***** SUPPLIED DATA
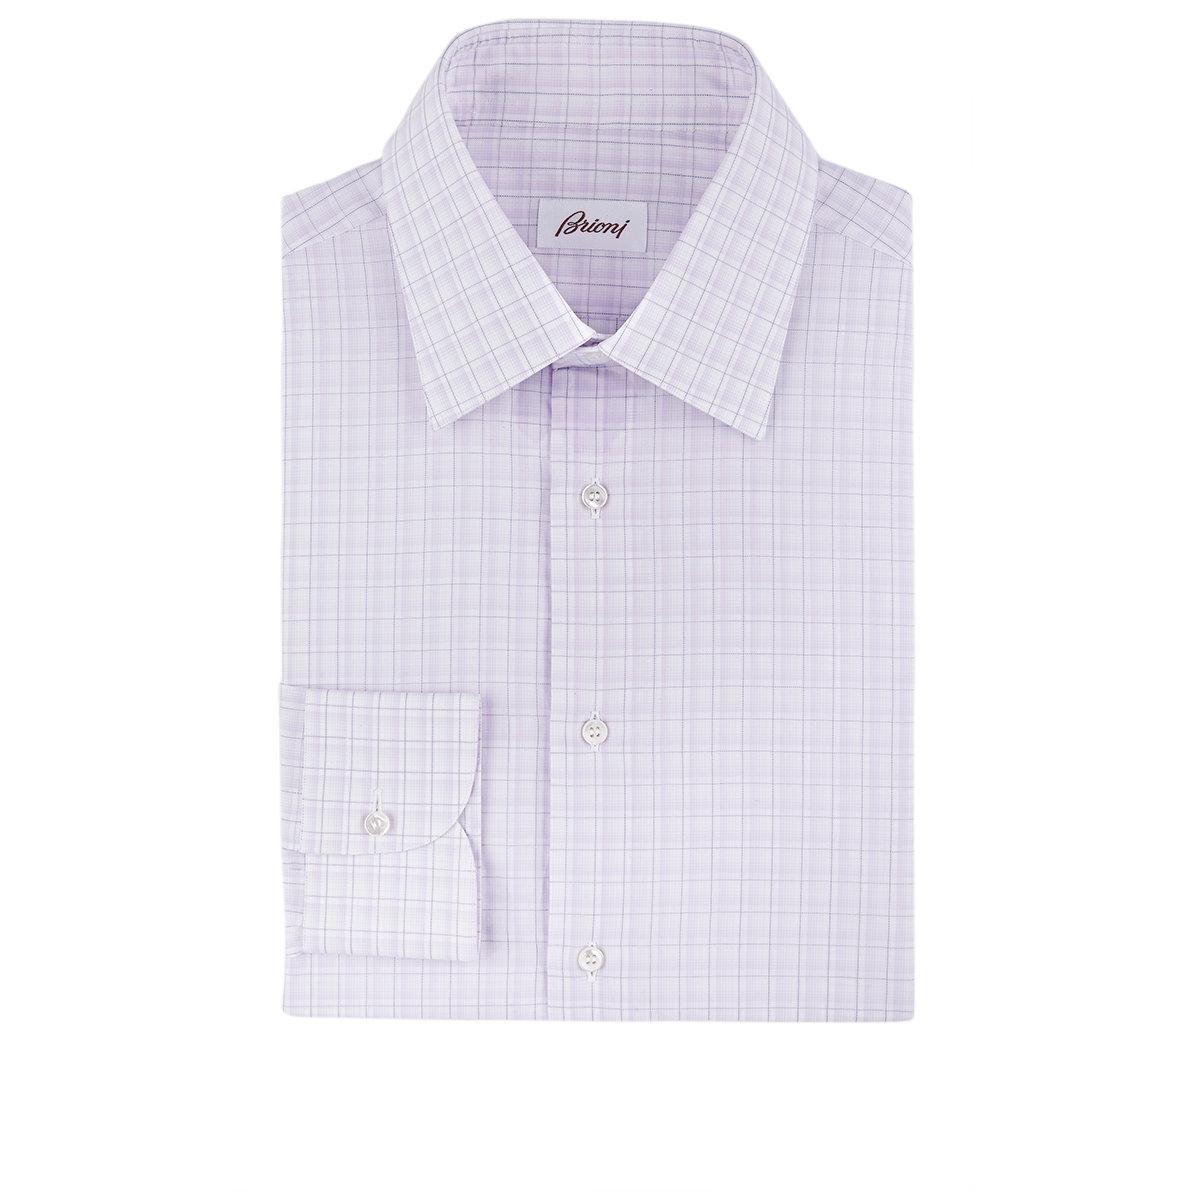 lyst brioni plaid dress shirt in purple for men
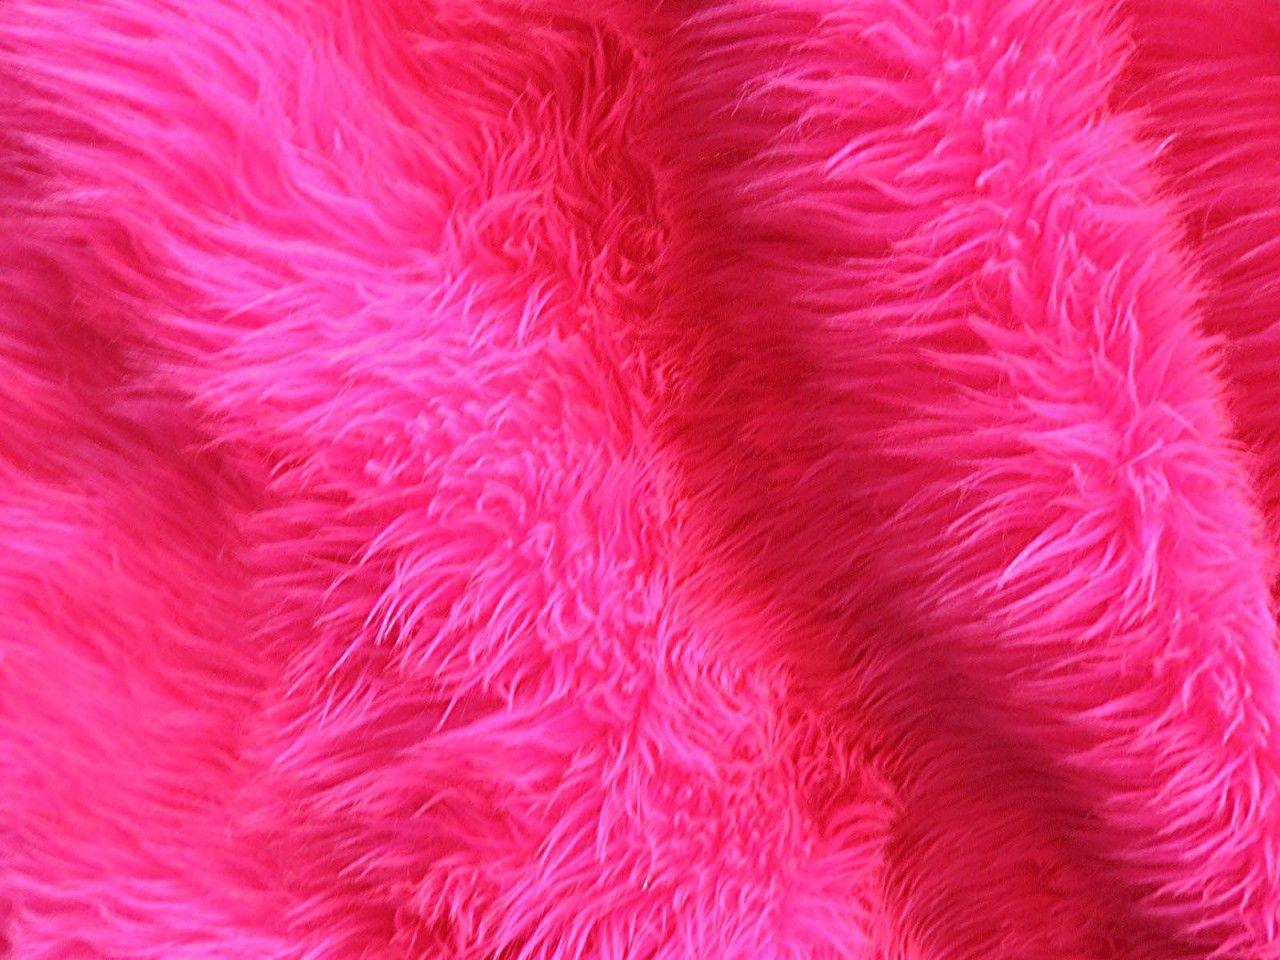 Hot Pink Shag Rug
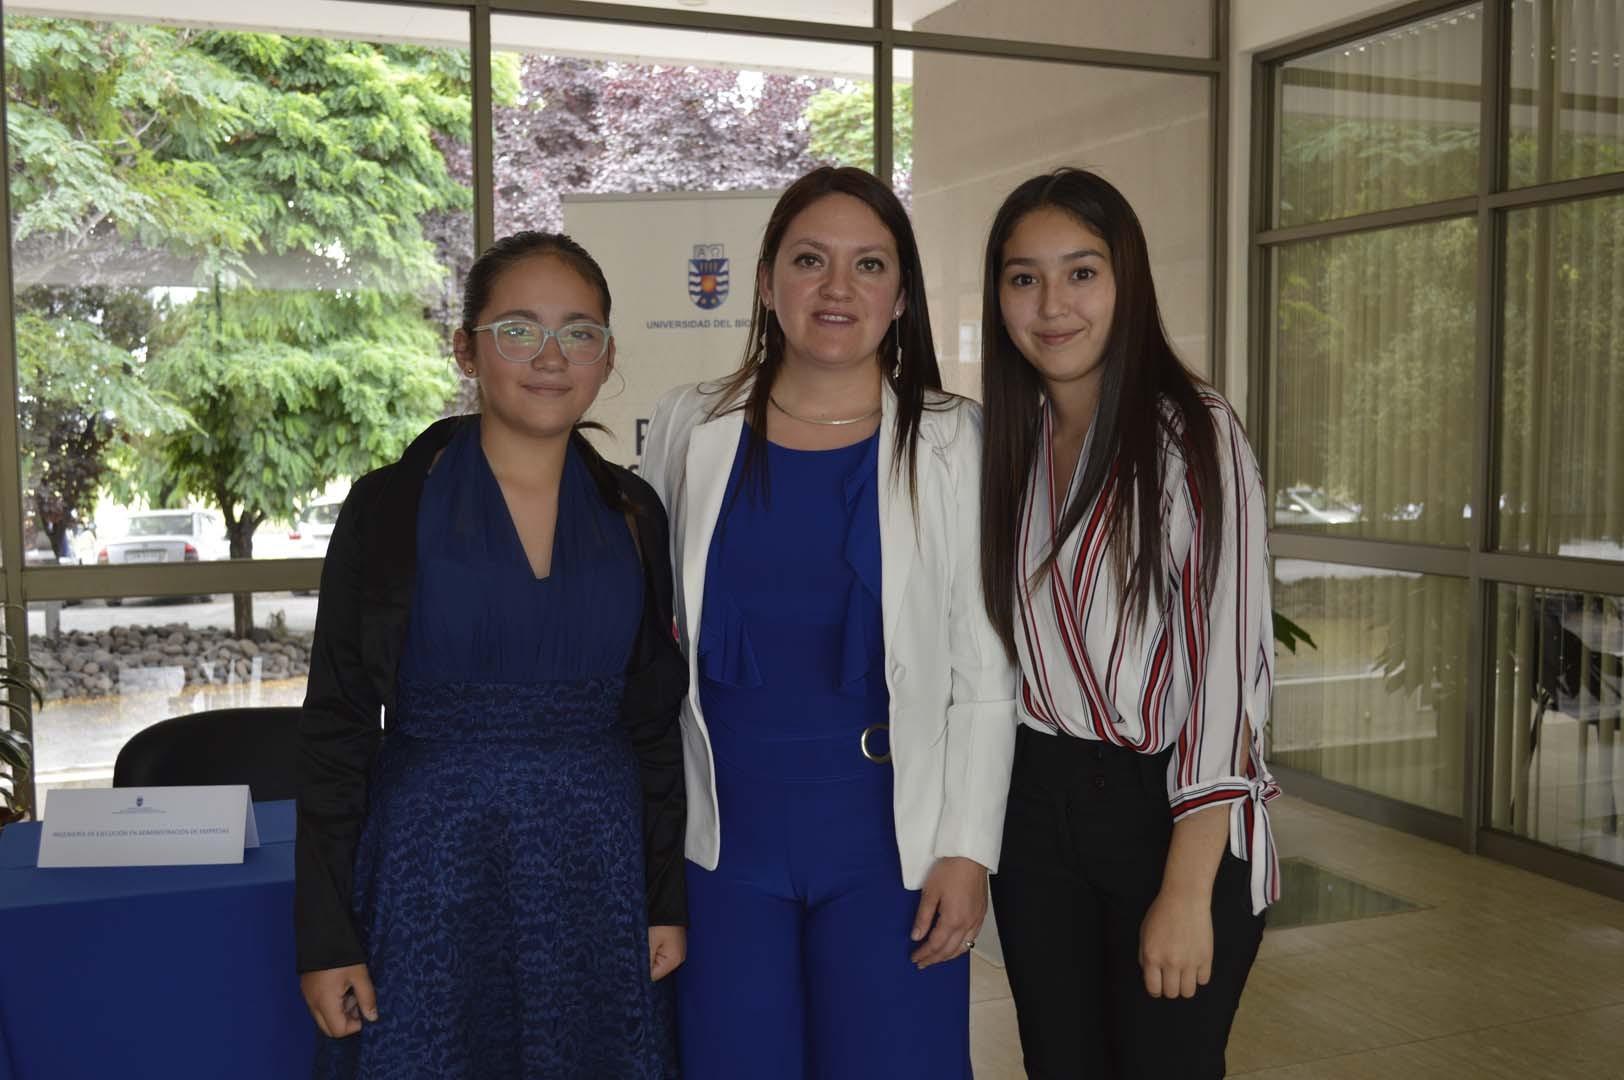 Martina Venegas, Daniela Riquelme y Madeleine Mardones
**********
***** SUPPLIED DATA
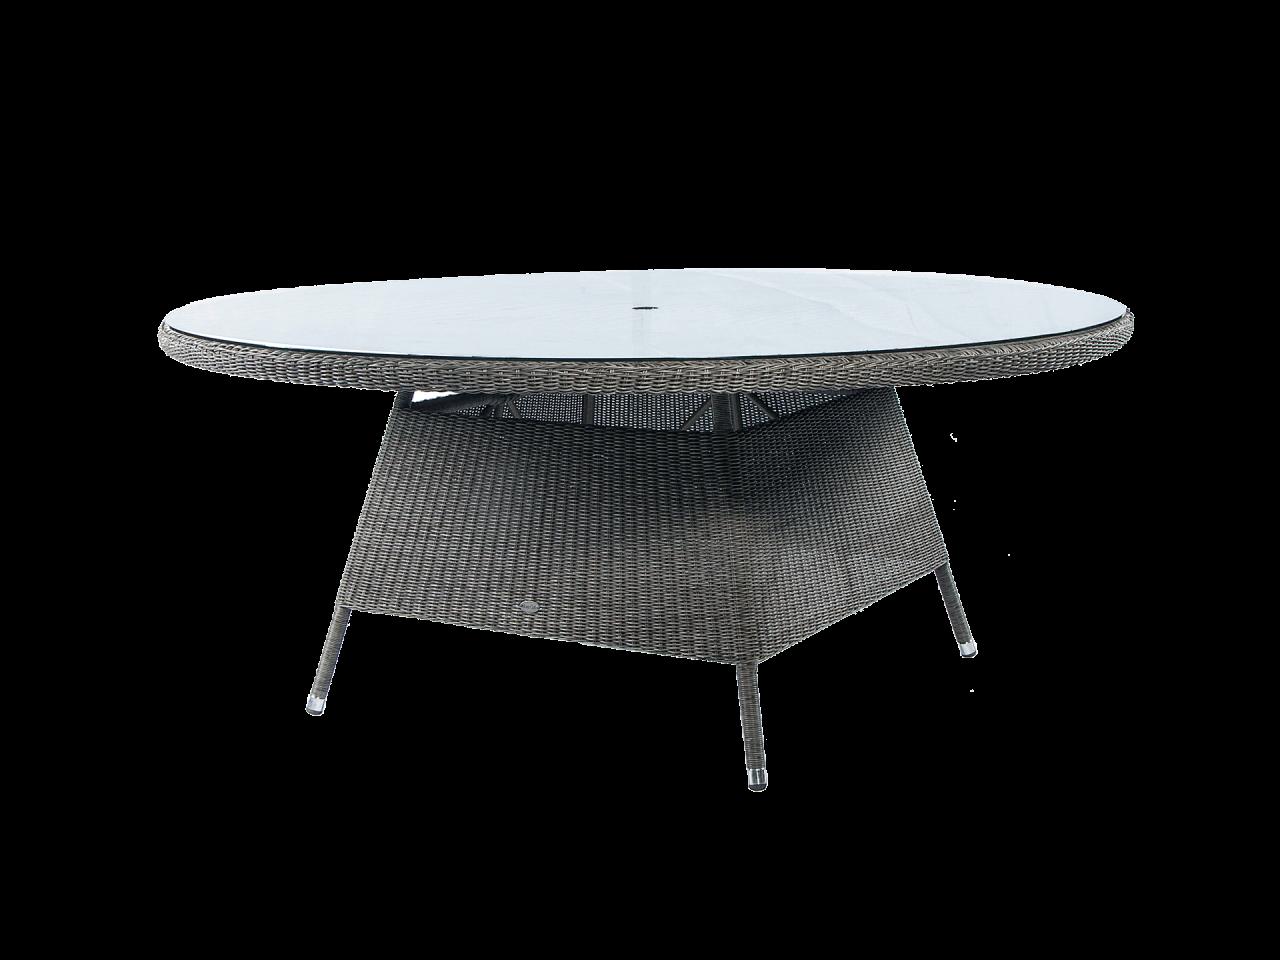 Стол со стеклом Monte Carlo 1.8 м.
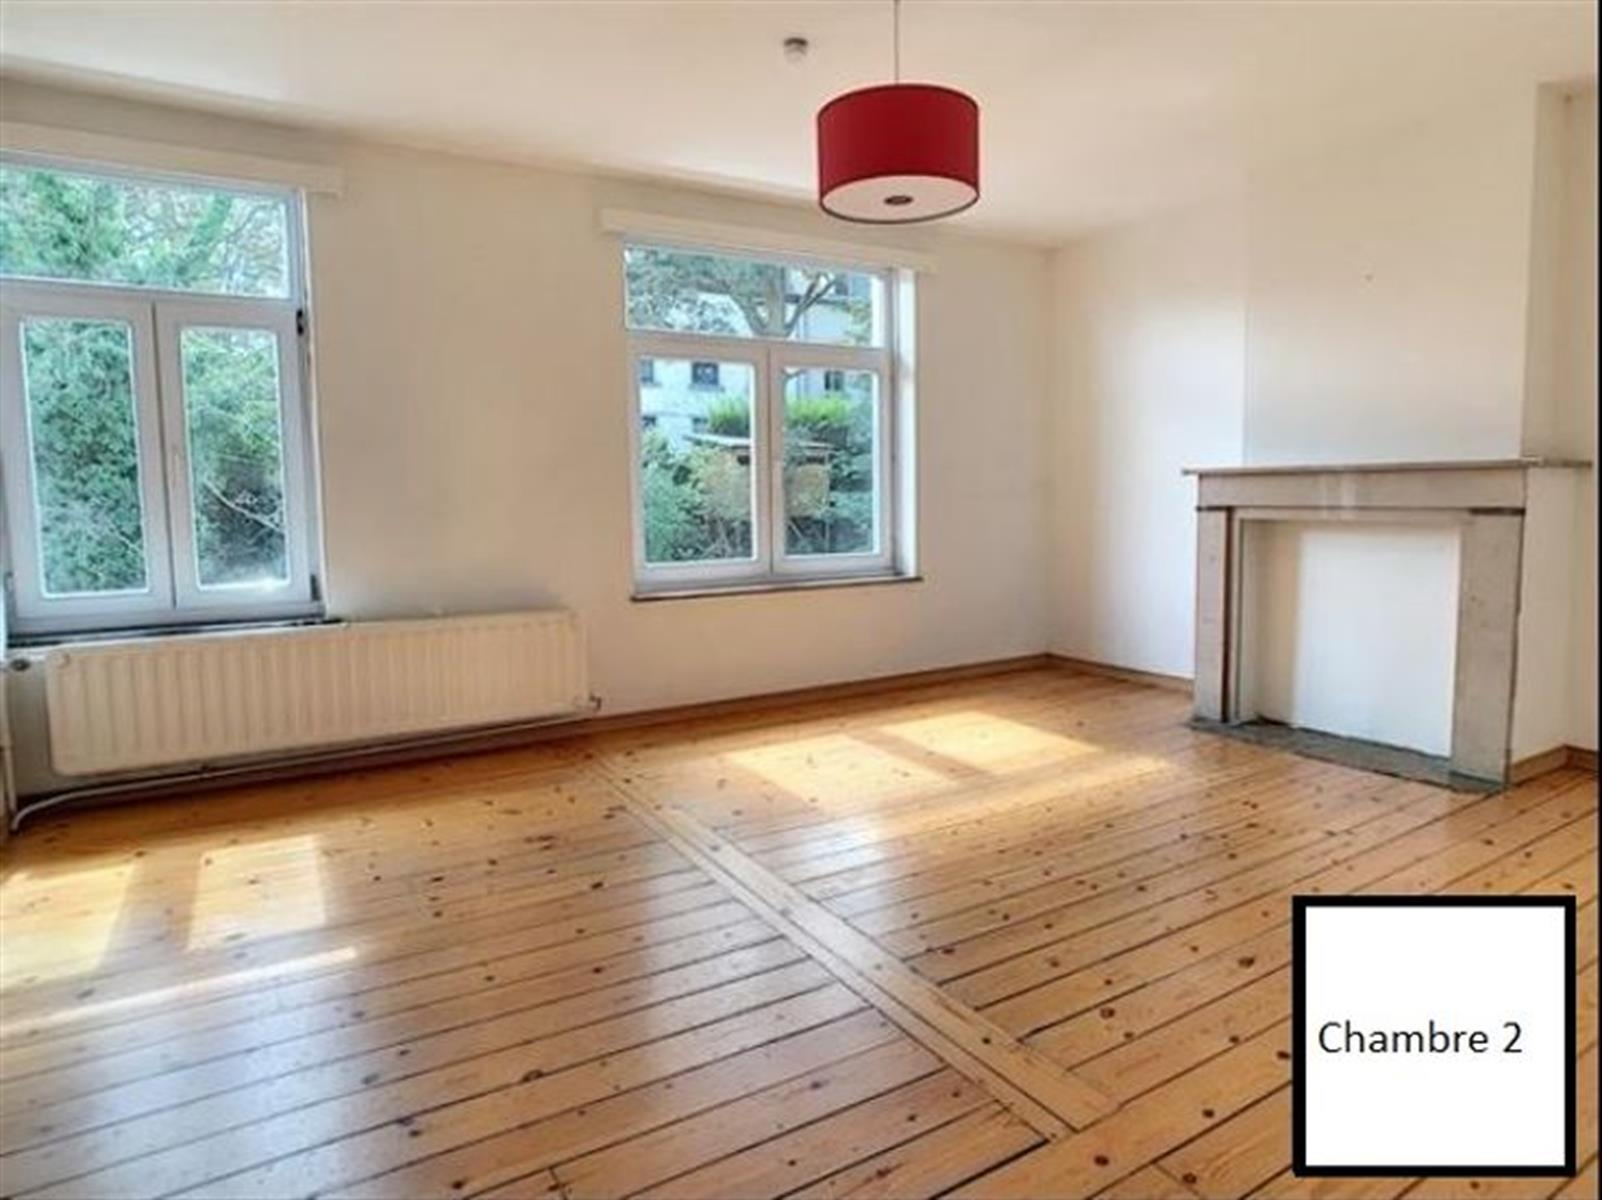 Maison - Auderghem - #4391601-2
**********
Return exactly the lines of the material above, starting at the line containing "Стол со стеклом Monte Carlo 1.8 м." and finishing at the line containing "Maison - Auderghem - #4391601-2", without any pictures.

 Стол со стеклом Monte Carlo 1.8 м.
 Maison - Auderghem - #4391601-2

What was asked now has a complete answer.